Cadre général de l’intervention de l’OSCE

Ayant pour mandat l’alerte précoce, la prévention des conflits, la contribution à leur règlement et la gestion des situations post-conflits dans sa zone, l’OSCE s’efforce de favoriser des compromis permettant de promouvoir la coopération, la sécurité et l’ancrage de la démocratie dans les pays concernés. Depuis sa création, l’Organisation a développé une série de mécanismes d’alerte rapide et de prévention des crises : mécanisme de Vienne (1989) et mécanisme de Moscou (1991) pour traiter les questions relatives à la dimension humaine ; mécanismes d’alerte rapide pour prévenir les risques de conflits (document de Vienne de 1999) ; mécanismes d’action préventive dans les situations de crise potentielle (notamment mécanisme de Berlin de 1991) et dispositifs de règlement pacifique des conflits (mécanisme de La Valette de 1991 et Convention sur la conciliation et l’arbitrage de 1992). Elle a adopté lors du conseil ministériel de Vilnius en décembre 2011 une décision sur l’ensemble des éléments du cycle du conflit liés au renforcement des capacités de l’OSCE en matière d’alerte précoce, d’action rapide, de facilitation du dialogue et de soutien à la médiation, ainsi qu’à la réhabilitation post-conflit.

Le Haut-Karabagh

Enclave à majorité arménienne située sur le territoire de l’Azerbaïdjan, au sein duquel elle bénéficiait d’un statut de large autonomie à l’époque soviétique, le Haut-Karabagh (ou Nagorno-Karabagh) déclare le 2 septembre 1991 après un referendum boycotté par la minorité azerbaïdjanaise son indépendance, que la communauté internationale, y compris l’Arménie, ne reconnaît pas. A l’issue d’un conflit armé meurtrier au cours duquel l’Azerbaïdjan essaie de restaurer son autorité sur ce territoire, un accord de cessez-le-feu est signé le 12 mai 1994 à Moscou.

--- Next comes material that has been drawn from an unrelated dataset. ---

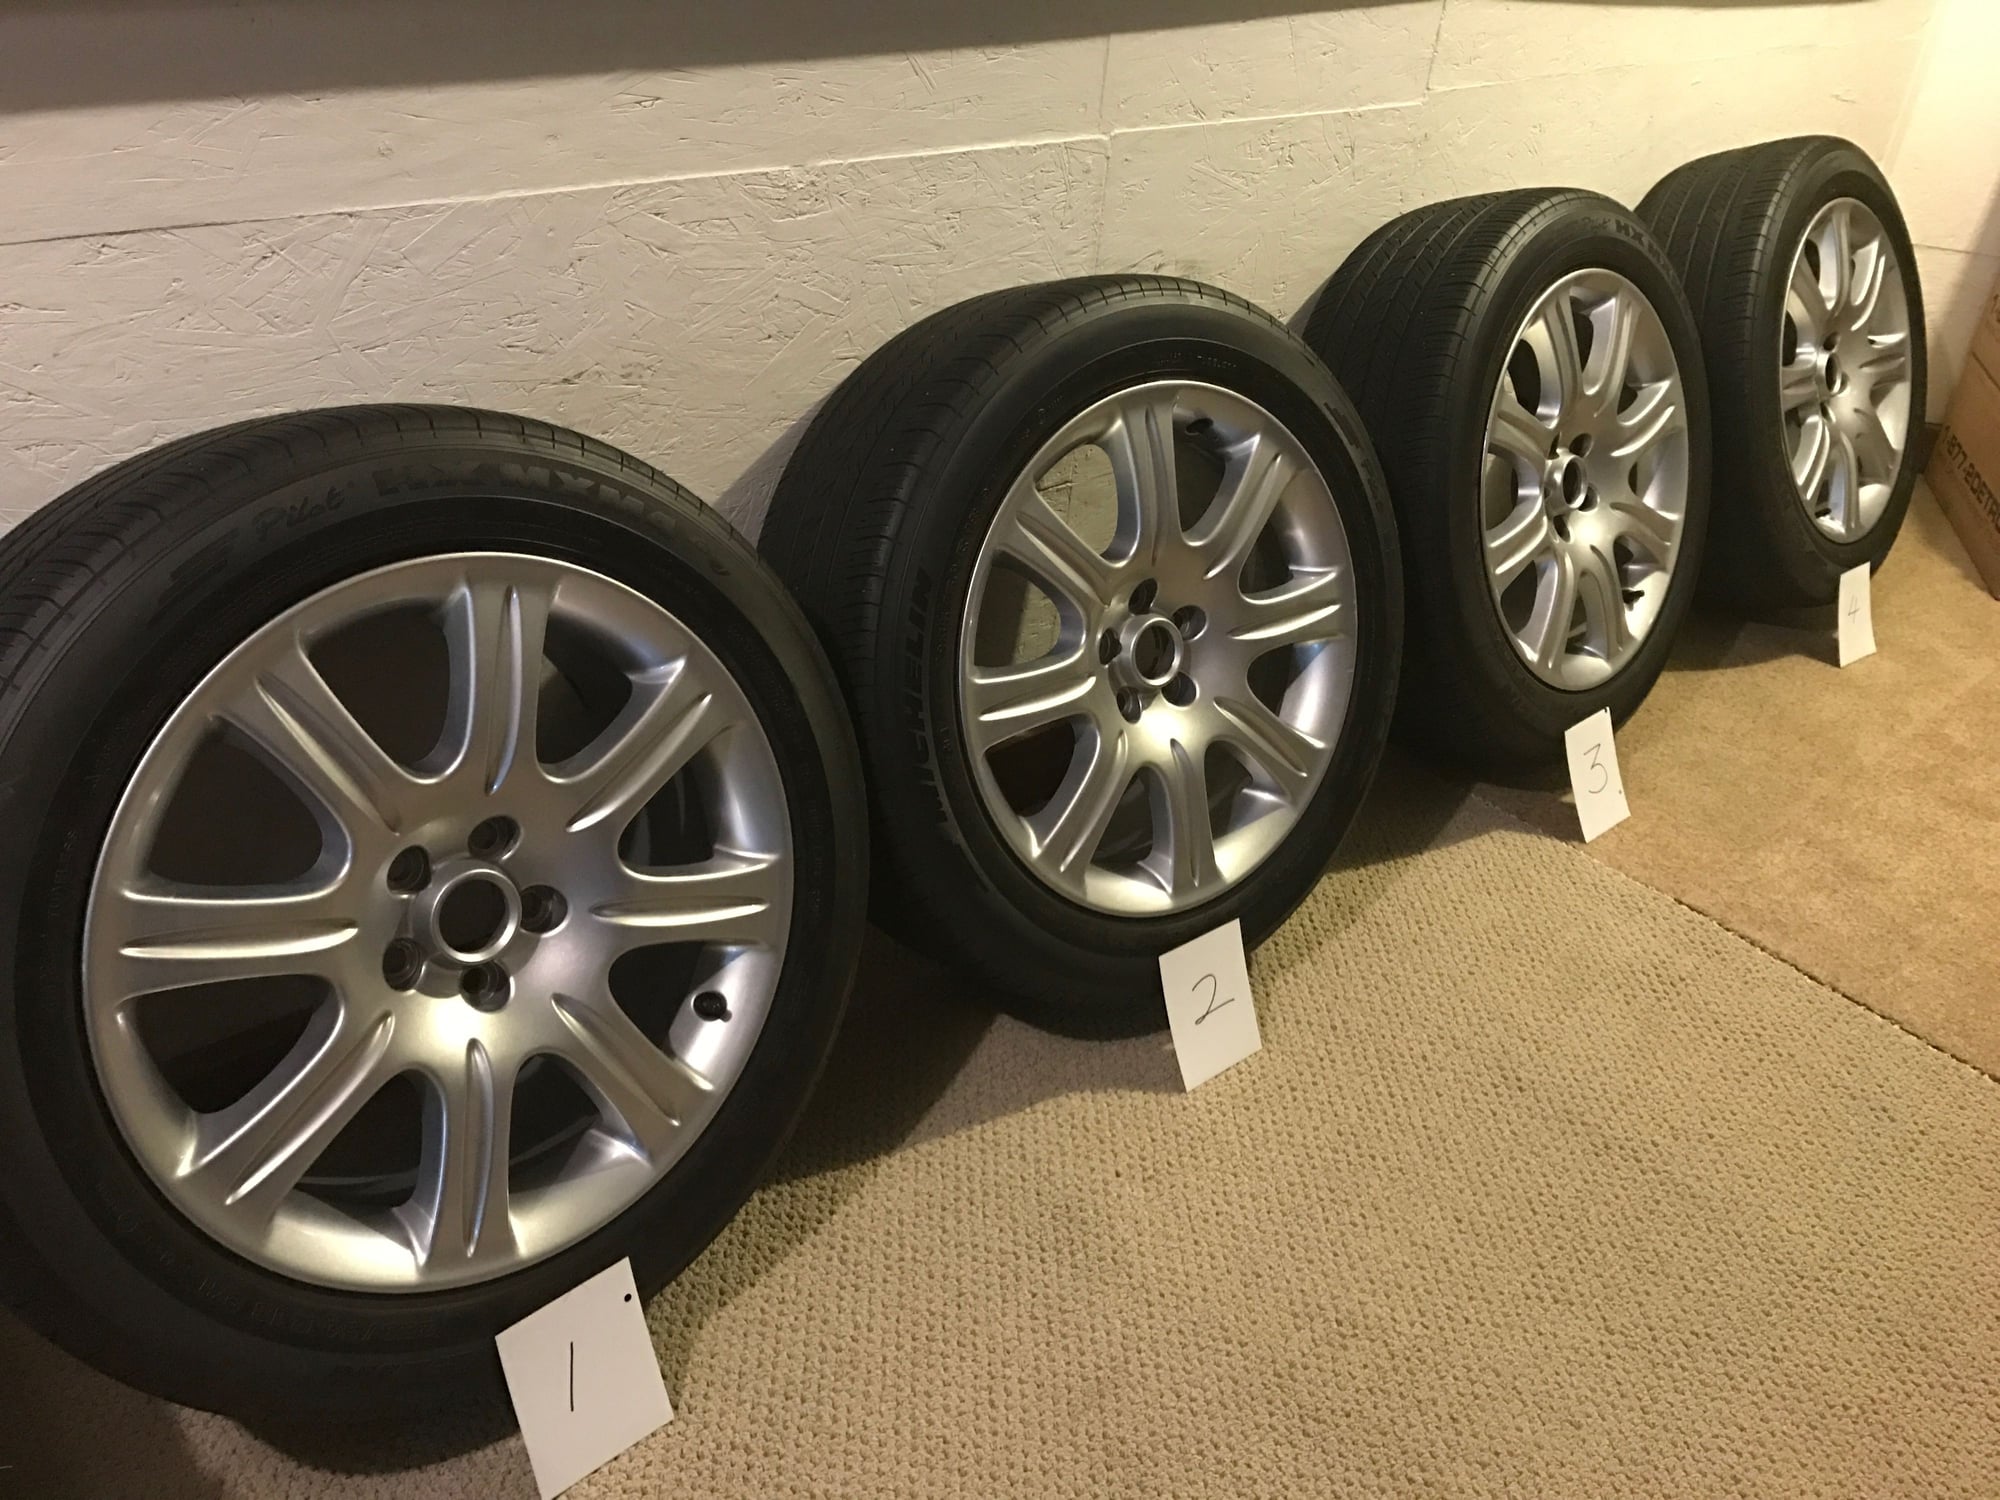 Wheels and Tires/Axles - Set of wheels & tires from 2004 XJ8 - Used - 2004 to 2008 Jaguar XJ8 - Anacortes, WA 98221, United States
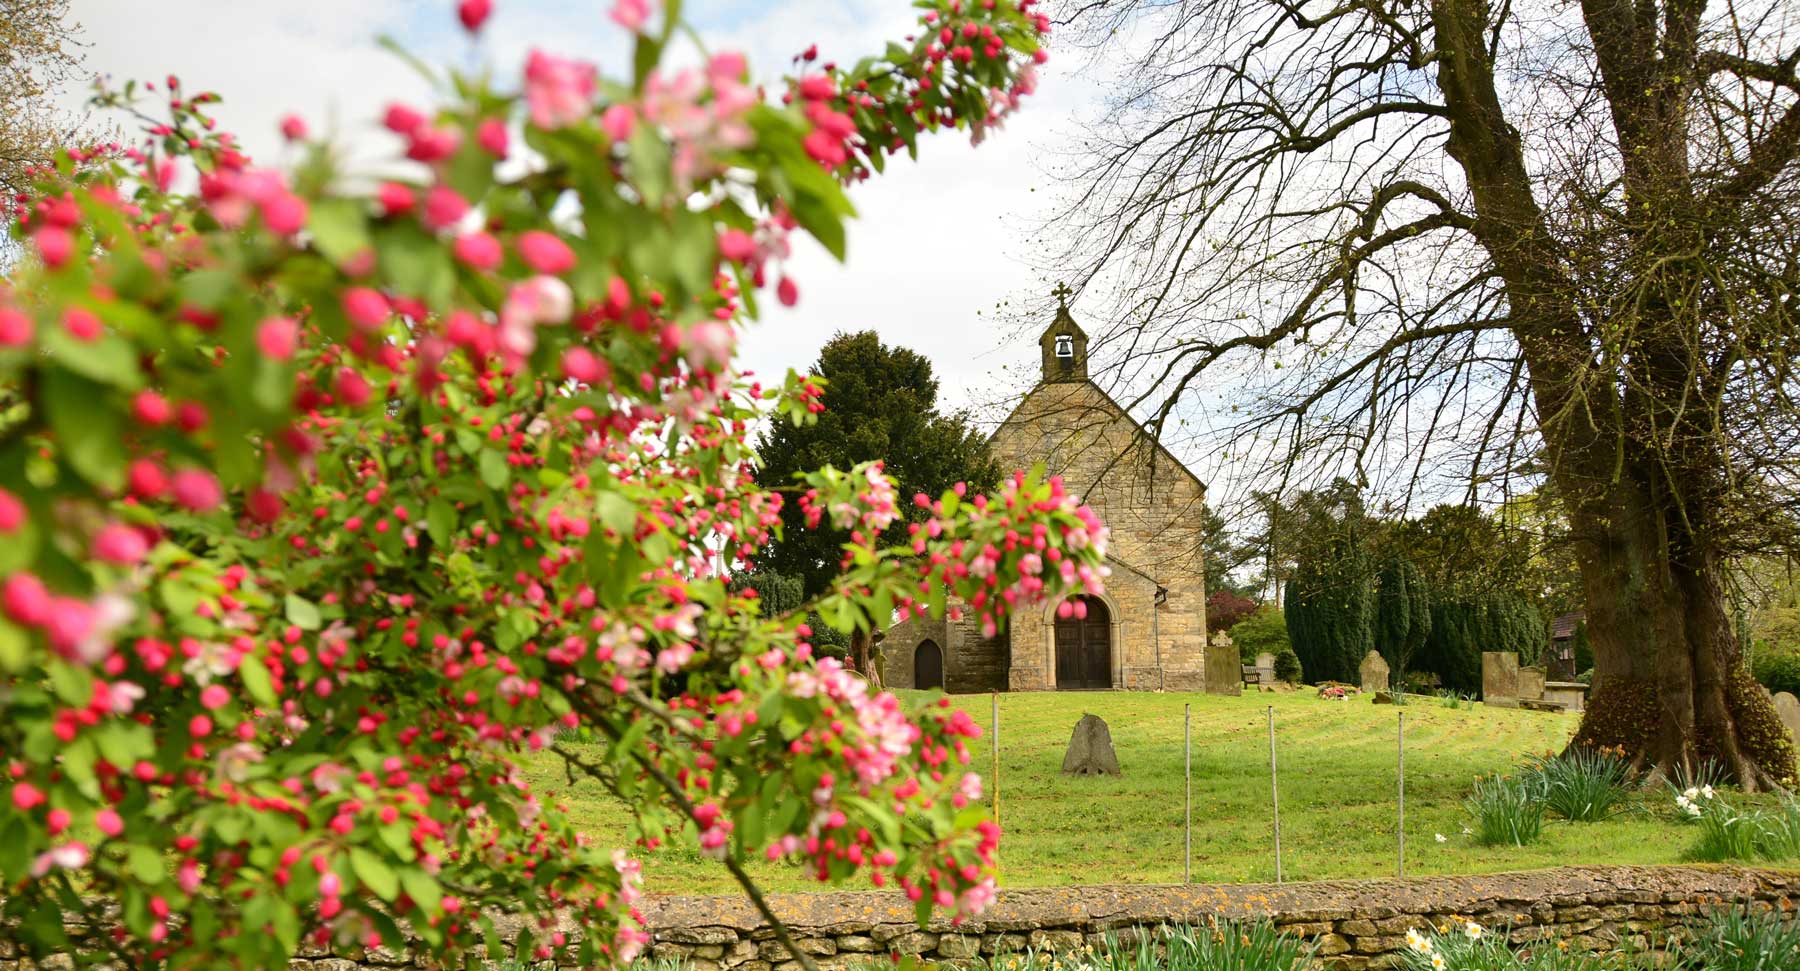 Church in a green field and flowers in foreground

Après l’adhésion de l’Arménie et de l’Azerbaïdjan, la CSCE décide de contribuer plus activement à la recherche d’un règlement au conflit. C’est dans cette perspective que la réunion supplémentaire du Conseil de la CSCE, qui s’est tenue à Helsinki le 24 mars 1992, décide de convoquer « dès que possible » une conférence de paix, prévue à Minsk, qui n’aura finalement pas lieu. Toutefois, les pays qui devaient y participer ont pris l’habitude de se réunir en formation ad hoc pour encadrer les négociations, dans le cadre de ce qui est devenu le groupe de Minsk. A partir de 1997, une co-présidence tripartite (France, Russie et Etats-Unis) a assuré la médiation entre les parties. Son intervention était facilitée par un représentant personnel de la Présidence en exercice de l’OSCE (l’ambassadeur Andrzej Kasprzyk), alors chargé d’observer sur place le respect du cessez-le-feu sur la ligne de contact ainsi qu’à la frontière entre l’Arménie et l’Azerbaïdjan. Le travail de médiation des co-Présidents avait porté, depuis 2007 et le Conseil ministériel de l’OSCE de Madrid notamment, sur l’élaboration des « Principes de base » d’un règlement négocié, que les parties n’ont jamais endossé.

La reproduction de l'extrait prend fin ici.